Я говорю:
– Помню.
– Двадцать лет.
Я говорю:
Помню!
Он говорит:
– Вот так. Все. Можете идти. Идти можете.
А через несколько месяцев назначили его министром морского флота. Но там он быстро просыпался и был снят. Он отменил выдачу валюты морякам в заграничном плаваньи. И ни один моряк не мог сойти с корабля в заграничном порту. И это уже такой поднялся скандал. Да заодно выяснилось, что он что-то такое наврал в отчете, и быстро оказался снят. Карьера его закончилась. Но в кинематографе он свое дело сделать успел.
Встретил его как-то на приеме потом, и говорит он мне:
– Вот, не все я доделал. Надо было мне издать приказ: запретить режиссерам работать с одним и тем же оператором несколько картин. От этого вся беда. Режиссер не работает – оператор его ждет; оператор не работает – режиссер его ждет. А надо, чтобы было по очереди: вот ты сегодня запускаешься, который по очереди идет. Оператор, сценарий по очереди. Оператора по очереди назначили – иди, делай. Вот так. Не успел я сделать, товарищ Ромм. Порядок был бы, и вы б спокойно работали. А так сейчас все беспорядок, анархия.
Вот такой был Семен Семенович Дукельский. А после него назначили улыбчатого Ивана Григорьевича Большакова.
Добавить надо несколько слов.
Во-первых, в разговоре с композитором упорство Дукельского, чтобы было как Вагнер и не как Вагнер, объясняется тем, что Сталин незадолго до этого смотрел «Валькирию» в Большом театре, ему понравилось и, как видно, он сказал – даже наверняка он сказал – на просмотре картины, что должна быть вот такая, вагнеровская музыка. Вот этого и добивался Дукельский.
Как-нибудь при перезаписи врезать это надо.
А второе, что надо врезать, – после первого свидания, – что действительно он вызывал по ночам. Это там, где я говорю о том, что с ума стали сходить. В три часа, в три тридцать, а уж в два тридцать – это считалось хорошо, и был случай, когда он меня вызвал в три часа и я ждал до половины четвертого, потому что у него сидел Васильев, Сергей, а потом он принял меня, а Васильева заставил ждать конца разговора. А разговор кончился со мной в четверть пятого. И Васильев еще остался с ним разговаривать. Он мучил нас. Он по привычке мучил нас этими ночными приемами, совершенно доводил до исступления, причем во время приемов какие-то анекдоты…

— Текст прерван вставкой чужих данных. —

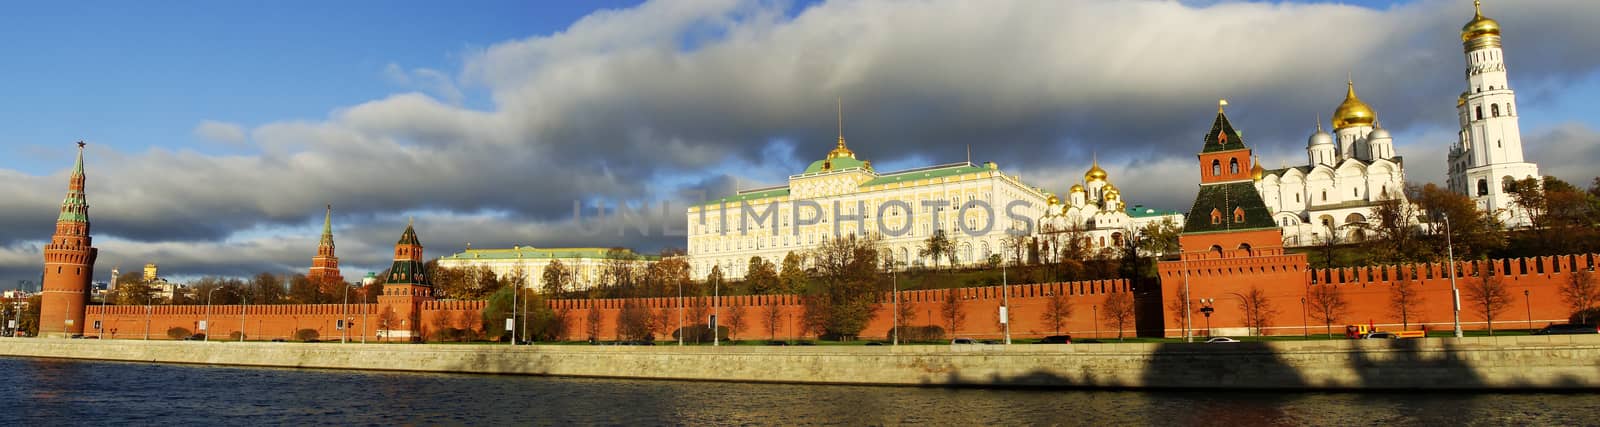 Moscow Kremlin panorama, Russia by donya_nedomam
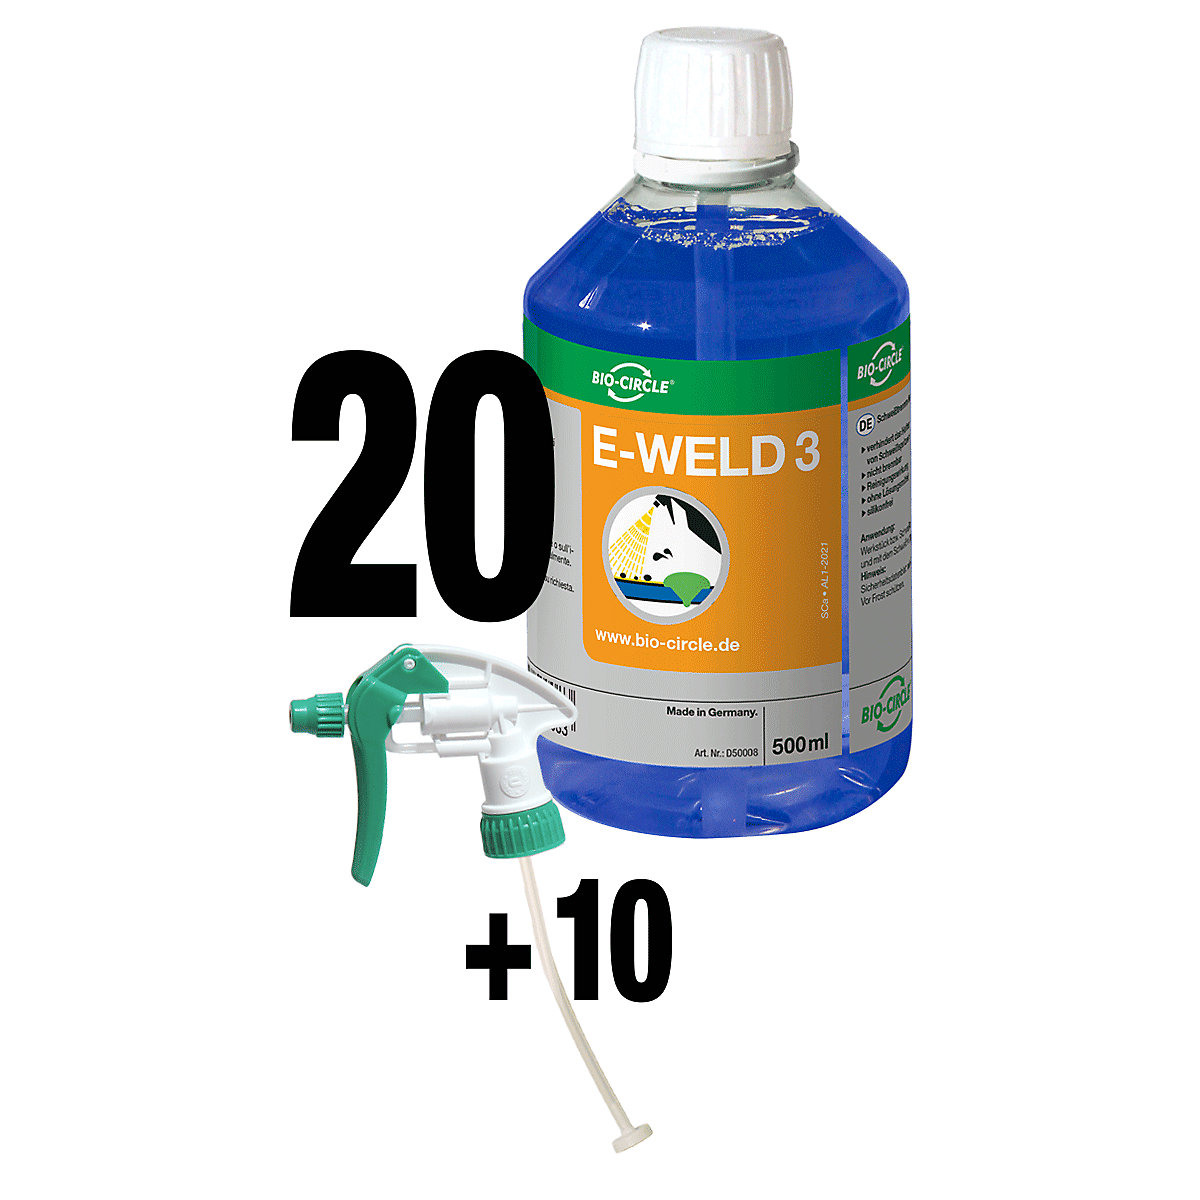 E-WELD 3 welding protection spray - Bio-Circle

К вопросу о национальном вопросе или Истинно русский актив
До сорок третьего года, как известно, не было у нас, товарищи, антисемитизма. Как-то обходилось без него.
Ну, то есть, вероятно, антисемиты были, но скрывали это, так как-то незаметно это было.
А вот с сорок третьего года начались кое-какие явления. Сначала незаметные.
Например, стали менять фамилии военным корреспондентам: Канторовича – на Кузнецова, Рабиновича – на Королева, а какого-нибудь Абрамовича – на Александрова. Вот, вроде этого.
Потом вообще стали менять фамилии.
И потом еще появились признаки. Появились ростки. Стал антисемитизм расти. Вот уже какие-то и официальные нотки стали проскальзывать.
Ну вот. Примерно в это время послал я редактора в Алма-Ату на студию объединенную – там «Ленфильм» и «Мосфильм» объединились.
Художественным руководителем студии был Эрмлер, его заместителями – Трауберг и Райзман. Ну, очевидно, не очень это тактично было сделано с точки зрения этого вопроса.
А я был тогда художественным руководителем Главка. Послал я туда редактора. Он возвращается, показывает мне отчет.
А в отчете – все про Пырьева: заместитель художественного руководителя Иван Александрович Пырьев распорядился, Иван Александрович отменил, Иван Александрович дал указание, товарищ Пырьев начал, товарищ Пырьев кончил, товарищ Пырьев сделал замечание и так далее, и все в том же роде.
Я говорю:
– Причем тут Пырьев? И когда это он стал заместителем художественного руководителя?
Тот глядит мне в глаза спокойно так и говорит:
– А разве вы не знаете, он назначен…
Я говорю:
– Официально?
– Да пока как будто бы не официально. Только я приказа не видел, но это факт.
Я говорю:
– Ну, пока я не получу приказа, извольте считать художественным руководителем Эрмлера, а заместителями – Райзмана и Трауберга, и в этом стиле переделайте. Перепишите и покажите мне.